[Material for this exercise]
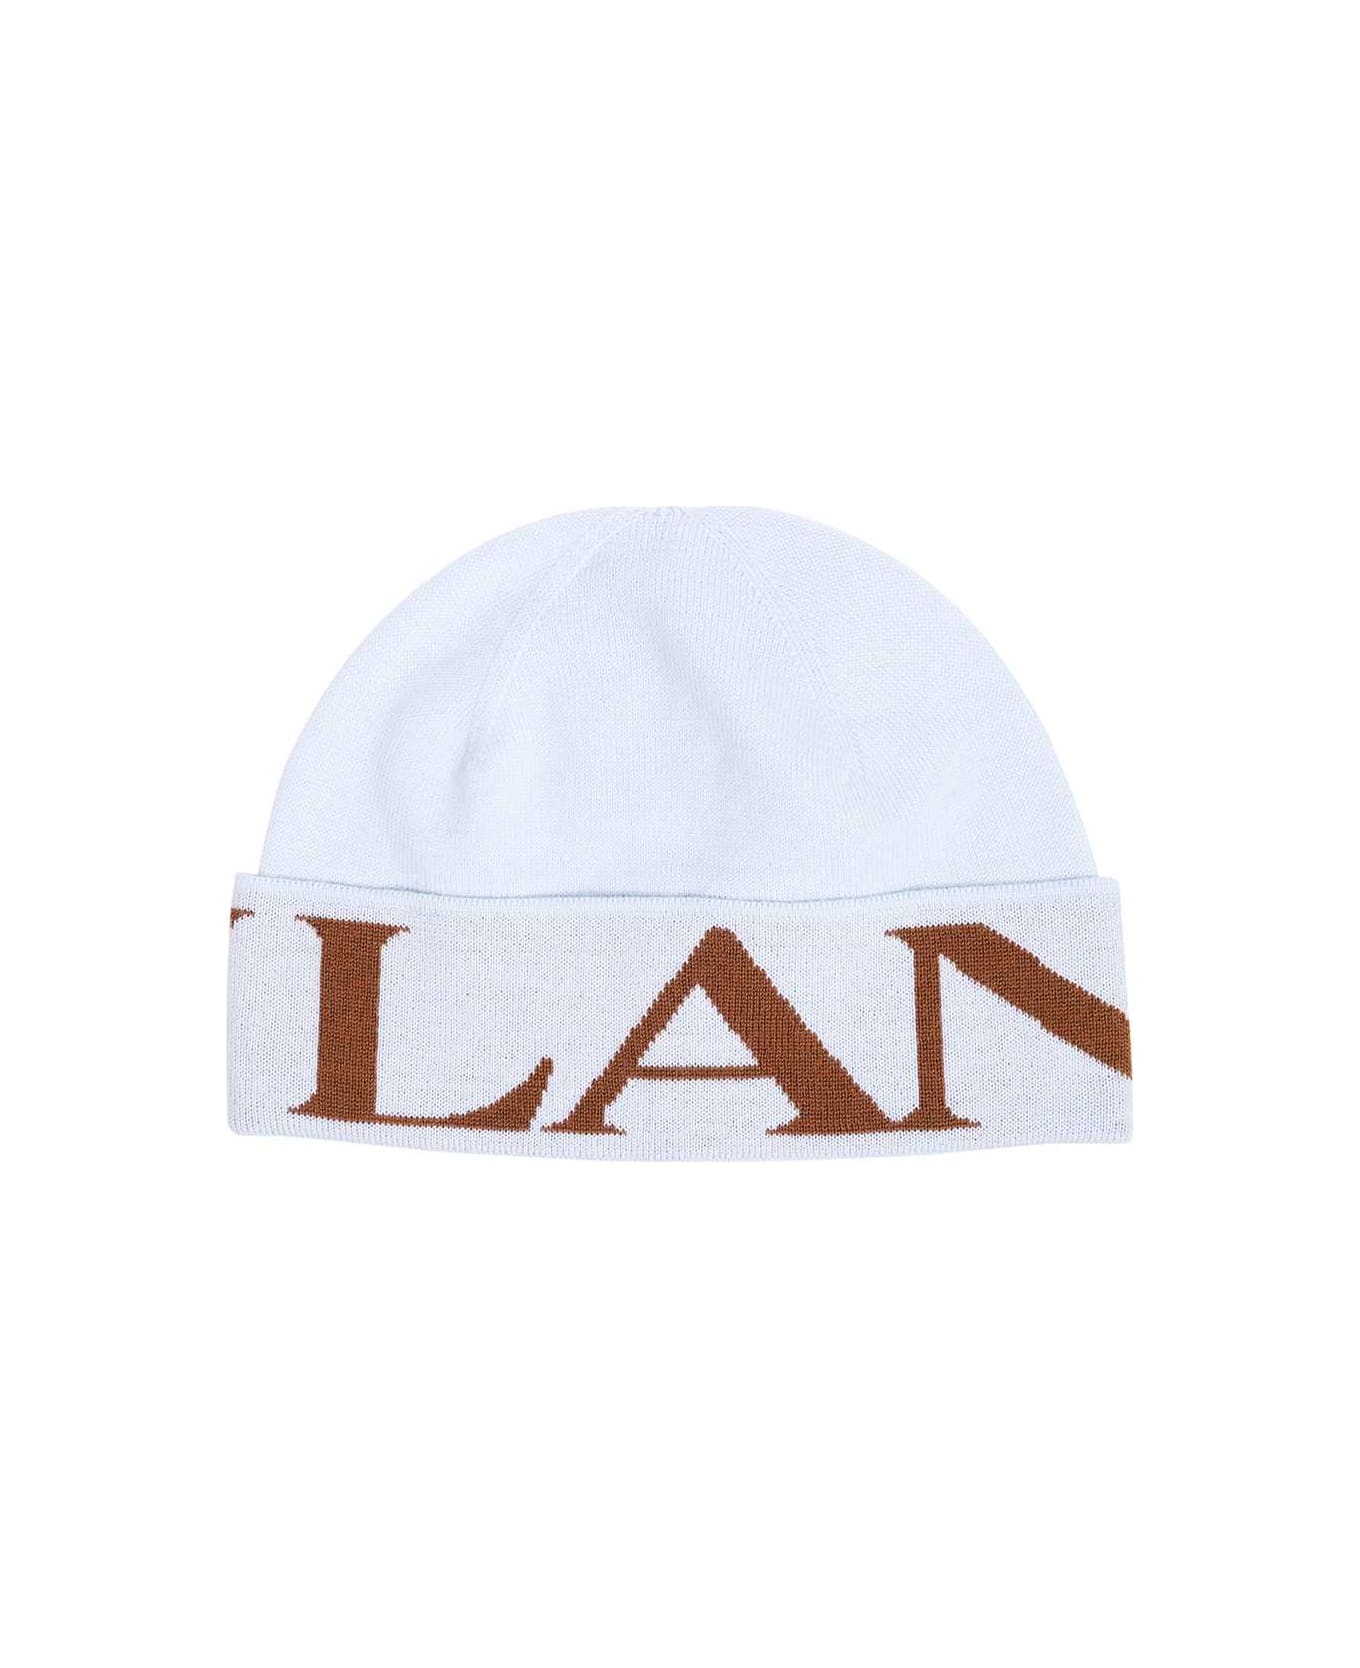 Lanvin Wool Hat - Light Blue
--
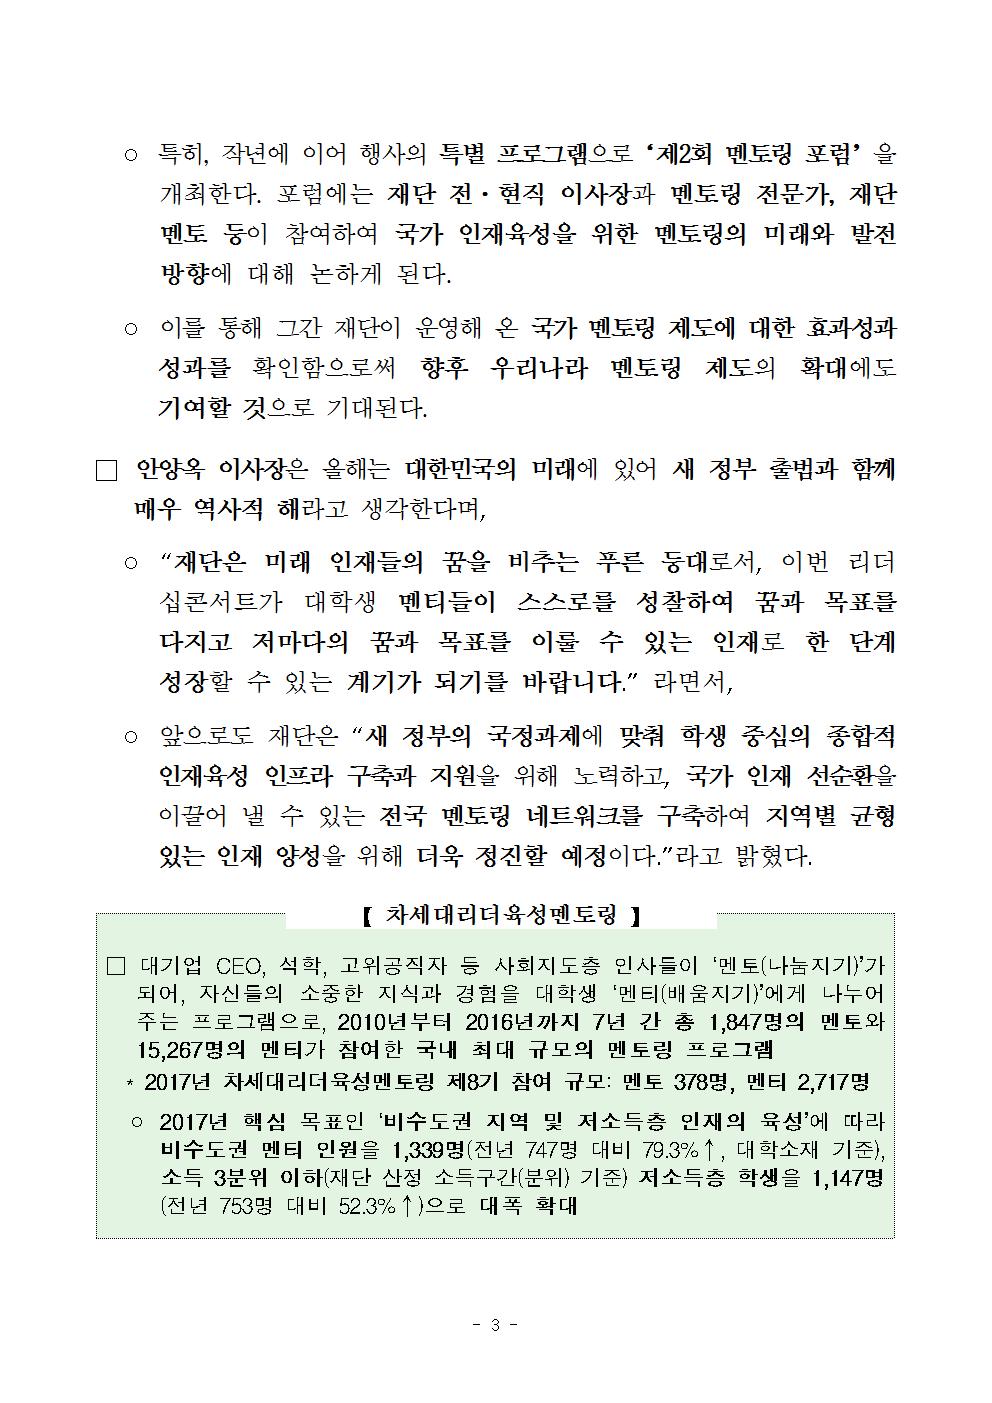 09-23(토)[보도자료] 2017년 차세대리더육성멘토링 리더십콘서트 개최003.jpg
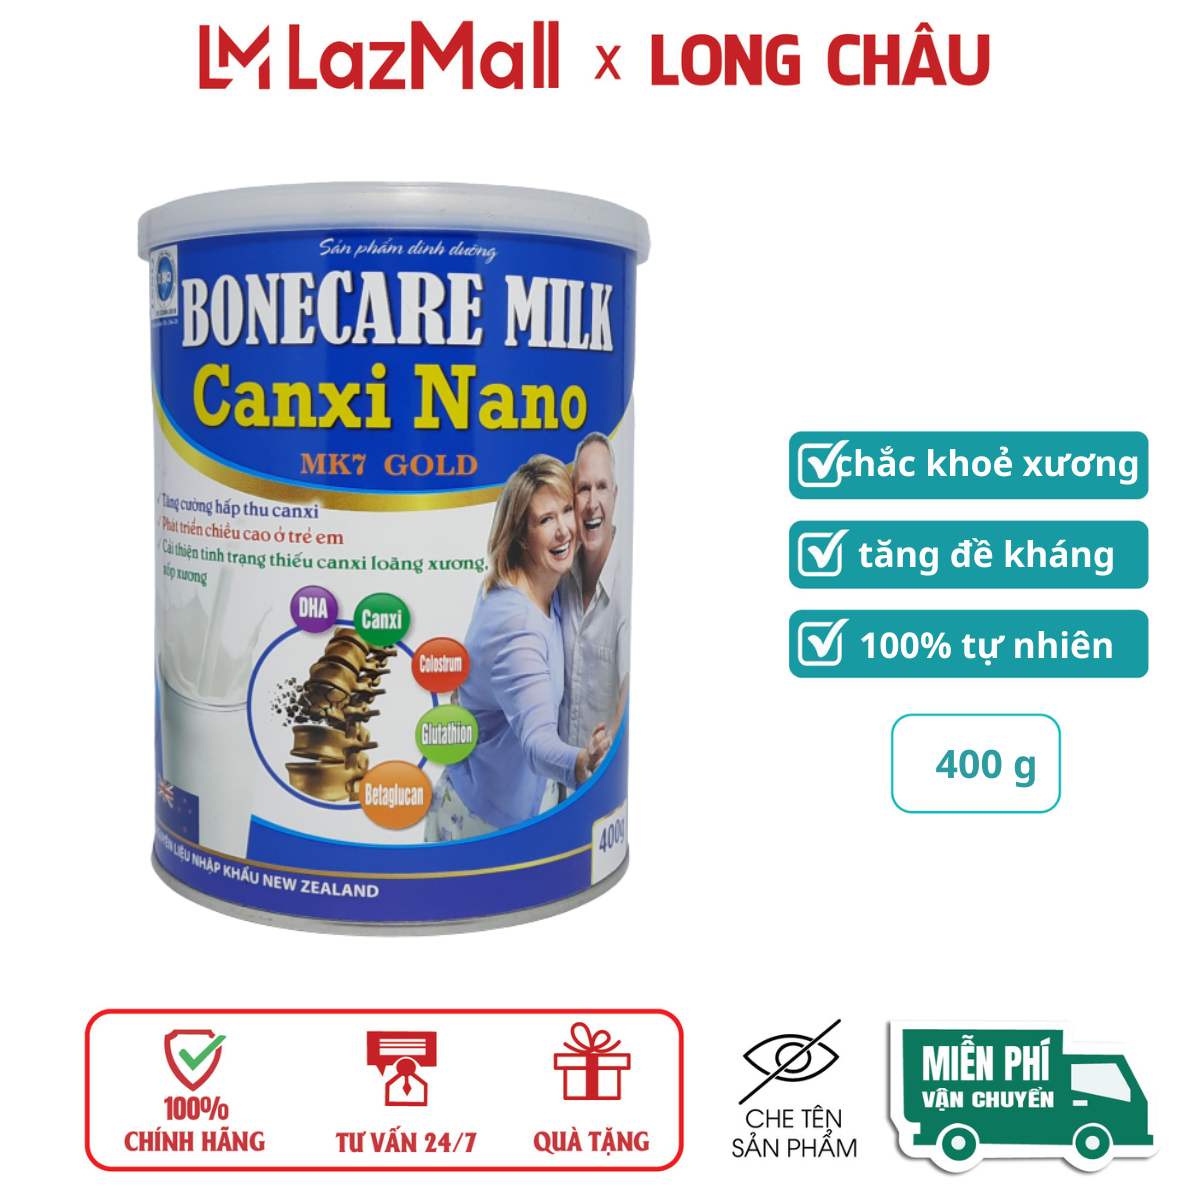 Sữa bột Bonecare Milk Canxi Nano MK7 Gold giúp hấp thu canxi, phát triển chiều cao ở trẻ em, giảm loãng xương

[Prompt]
Print exactly the lines above that run from the one with "09-23(토)[보도자료] 2017년 차세대리더육성멘토링" to the one with "Sữa bột Bonecare", both included. No pictures.

[Expected answer]
 09-23(토)[보도자료] 2017년 차세대리더육성멘토링 리더십콘서트 개최003.jpg
 Sữa bột Bonecare Milk Canxi Nano MK7 Gold giúp hấp thu canxi, phát triển chiều cao ở trẻ em, giảm loãng xương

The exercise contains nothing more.